Lightweight flywheels are an easy way to gain some acceleration. Normally the flywheels job is to store some potential energy to help the car get underway off of a standing start. However once the clutch is out and the car is moving, the flywheel is dead weight inhibiting acceleration because of it’s rotating mass. Contrary to popular belief a lightweight flywheel does not give you more horsepower, but improves acceleration. This could possibly register as a gain on an inertial dynamometer like a dynojet. A general rule of thumb is that one lb. off of the flywheel is like 20 off of the car. I have never bothered to calculate to see if this is really true, but a light flywheel is a very feelable difference in 1 &2 gear. For normal driving you have to rev your motor slightly higher than normal and slip the clutch a little more when getting underway as the car will be slightly easier to stall but you will get used to it quickly and it soon becomes a non-issue.

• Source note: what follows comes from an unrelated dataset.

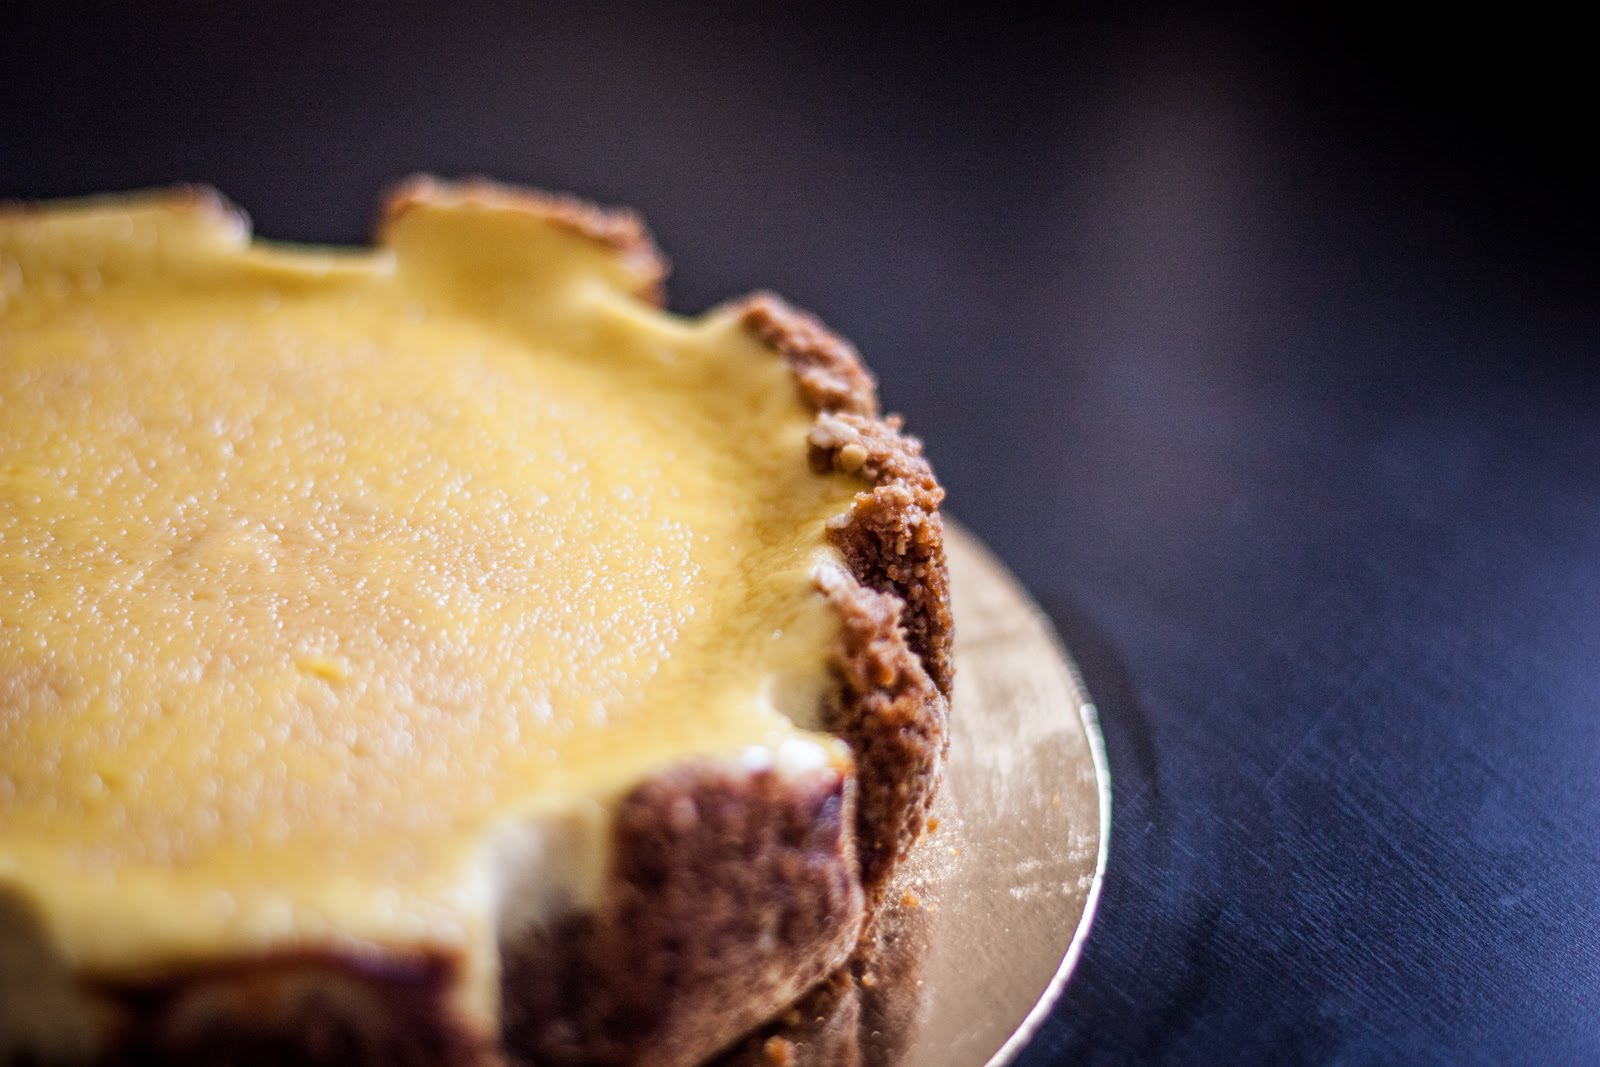 Okraj cheesecaku s krémem z mascarpone.

Most of the aftermarket light flywheels available for our cars fall into the 9-12 lb range. The stock SE-R flywheel is about 18 lbs. In my experience you do not want to go much lighter than 9 lbs in a car that is driven on the street or drag raced. One of my cars had a 5 lb. Tilton flywheel and that car was impossible to drive smoothly. Excessively light flywheels will bog out of the hole in a drag race start also. You will probably need to raise your launch rpm somewhat with a light flywheel to prevent bogging out of the hole. Road racing cars need as light of a flywheel that is possible to make to get the most throttle response and acceleration out of turns.
----------------------------------------------------------------------------------
No one ever said that a lightened flywheel would increase horsepower, but it sure does *decrease* acceleration times. Herb Adams, in his book CHASSIS ENGINEERING, says that "..the effect of reducing rotational inertia on driveline parts has 15 times the benefit of just reducing the weight of the car." I have been intrigued with this statement for months, and wish that I had followed his suggestion a long time ago and gone to a lightened flywheel. I am not an engineer (obviously), but I do have enough seat time to have a fairly refined butt dyno, and I can tell you that the difference in how the engine spools up is not subtle, but positively sensational. I wish that I had done some quarter mile times (yeah, sure, I go to the drags all the time) before I installed my lightened flywheel, so that I could provide reliable, numerical evidence. I didn't, so believe what you choose, but I can think of absolutely no reason NOT to go to the lightened flywheel. It is the single most important modification that I have made in quite a while, and I have made quite a few. 
-----------------------------------------------------------------------------------
As far as perceived acceleration goes, your engine sees the mass of your car as a point stuck way out on some lever arm that it has to twist. If your engine is direct drive (i.e. no gear reduction), and you have an M3, you'd need quite a bit of torque to get that 3175 lbs moving faster. So somebody invented gears, which has the effect of changing the length of the lever, as far as the engine is concerned. In an M3, for example, first gear is 4.20:1 and final drive is 3.23:1 so what looked like 3175 lbs to the engine out at the end of that lever without gear reduction now looks more like 234 lbs (3175/13.57), assuming your rear tire has a radius of one foot give or take a few inches. 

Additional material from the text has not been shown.